LAHORE - The JIT has accused Prime Minister Nawaz Sharif of mis-declaration in wealth statement and concealment of Rs 45 million for the tax year 2013.

The JIT report states that Mr Sharif’s wealth statement for the said year showed an amount of Rs l00 million as donation given to PML-N. During analysis of account statement, it was also observed that an amount of Rs 45 million was transferred back by the PML-N on June 10, 2013 to Sharif .

This inflow of Rs 45 million, although reflected in the account statement, was not disclosed in the wealth statement.

Hence, it appears that Mr Sharif not only concealed his assets to the tune of Rs 45 million but also misreported in the wealth statement for the tax year 2013. The JIT has also disputed Mr Sharif’s claim about the assets of his father.

In his address to the nation and speech on the floor of the National Assembly, the Prime Minister claimed that his father owned multimillion rupees assets in the 1970’s before the industry was nationalised; “a claim that cannot be ascertained through his personal tax returns as well as of the parents.”

The JIT concludes that “The facts provided by Sharif family show that Respondent No 1 (Mr Sharif), ostensibly, has confined his role to that of an equity holder only in the family owned businesses, who does not hold any formal position or role in running the businesses and is not a Director on any Board. Apparently the objective of such stance is to distance himself from a formal role in running of the businesses in strictest regulatory and legal sense. However, on the other hand, it is also evident that he is enjoying pecuniary benefits, other than dividends from these businesses in the shape of unexplained inflows in his personal bank accounts, on a fairly regular basis, from the business profits of his son and businesses run by him purportedly as gifts”.

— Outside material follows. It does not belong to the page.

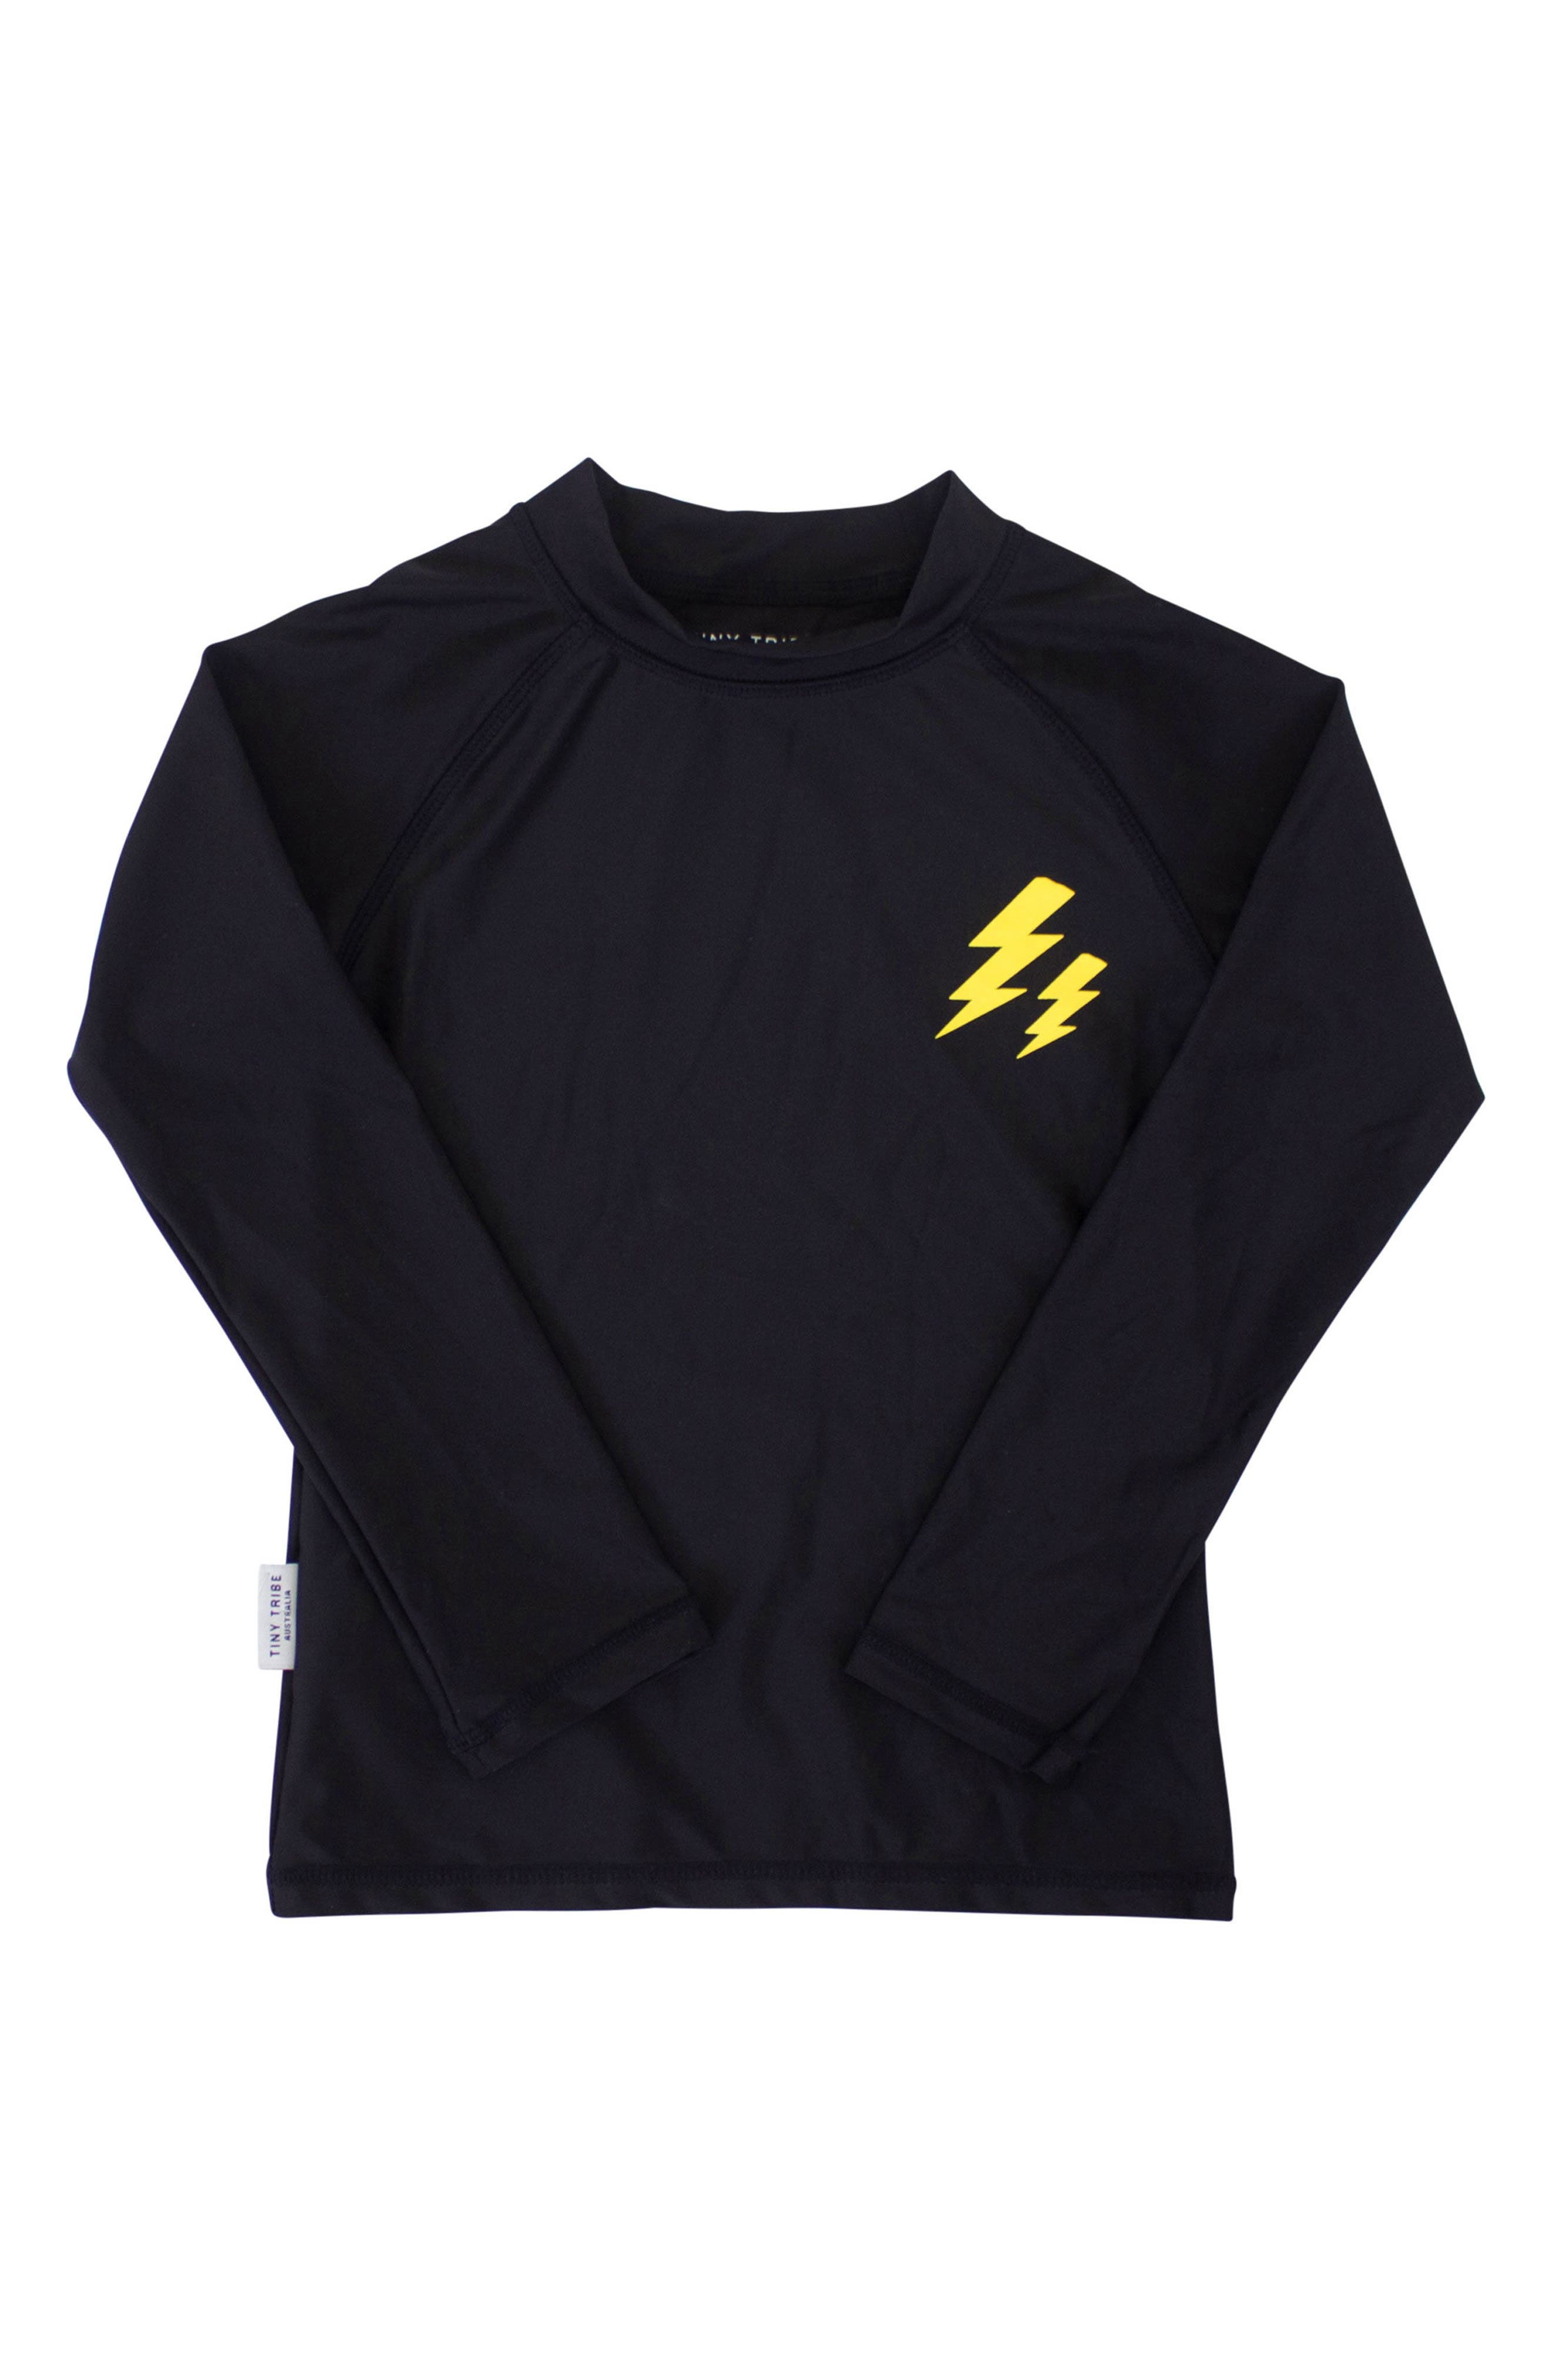 Electric Rashguard Top,                             Main thumbnail 1, color,                             001

The JIT report also states that the evidence collected reveals that Mr Sharif, infact, was the Chairman of the Board, drawing salary from Capital FZE; a company owned by his son. This fact was not disclosed in any statutory returns/declarations before the authorities in Pakistan; be it the Income Tax returns or the Filings before the Election Commission of Pakistan.

“The above facts depict that (Mr Sharif) Respondent No. 1 was enjoying monetary benefits from the family businesses, other than dividends in his declared capacity of equity holder. Moreover, he was maintaining an active operational link with his family owned businesses, contrary to his publically held position, that he is not actively involved in the family business and is devoting his entire life to his occupation as a politician.”

The JIT has also disputed another claim made by the PM.

As per claims of Mian Nawaz Sharif, his business empire/ assets is based on his inherited money from his father who owned millions of rupees in the 70s.

“The financial analysis of Mian Muhammad Sharif does not substantiate this claim. An exorbitant hike in buildup of his assets is observed during his first tenure of Premiership, however, inflows mentioned in his tax returns is not commensurate with his growth which leads to the presumption that this empire was not based on legal monetary sources.”

An anomaly of opening benami accounts in the names of Qazi family, Saeed Ahmed etc., and source of inflow in these accounts was not clarified by the respondents. These benami accounts were used as collateral for acquisition of loans and also for moving funds abroad to build Sharif family’s assets in Pakistan as well as in UK.

Also, the JIT in its voluminous report has refuted Prime Minister Nawaz Sharif’s claim that he has nothing to do with the family business.

According to the report, Mr Sharif declared himself “self-employed” while opening accounts as CEO of Chaudhry Sugar Mills.

During evaluation of evidences and record collected from different banks by the JIT , it was noted that he opened five accounts in Pak rupee and three in foreign currency in four different banks during the period from July 1, 2009 till date.

In the bank account opening forms submitted to the bank, he mentioned his occupation as “self employed” and name of the employer/ business as ‘Chaudhry Sugar Mills Limited’ (CSML).

In two of the accounts opened at Standard Chartered Bank (Pakistan) Limited, he showed himself as CEO of the Chaudhry Sugar Mills Limited while in an account opened at ABL, he had showed his designation as a “shareholder”.

On December 31, 2008, Mr Sharif held 1.6 million shares of CSML, which increased to 2.01 million January 31-1-2013 and 12 million on January 31, 2016.

During 2010 to 2013, he received regular salary from CSML on a monthly basis (Rs.24.372 million in aggregate).

During 2010-11, an amount of Rs. 560,000 per month was received by him for nine months while the amount was increased to Rs 800,000 per month during 2011-12.

Similarly, Rs 820,417 per month was received during the first 11 months of 2012-13. “Contrary to his publicly held stance that he had no role or involvement with the family business; he was drawing monthly salary from CSML. The drawing of salary from CSML is also disclosed in the Income Tax returns filed by him”.

The JIT report says that in addition to this, a couple of financial transactions of of Mr Sharif with CSML were also observed.

For example, the JIT report said, on June 28, 2010, CSML transferred Rs 5.670 million in his account. Similarly, on September 23,2015, Rs 18.019 million was transferred by Mr Sharif to CSML.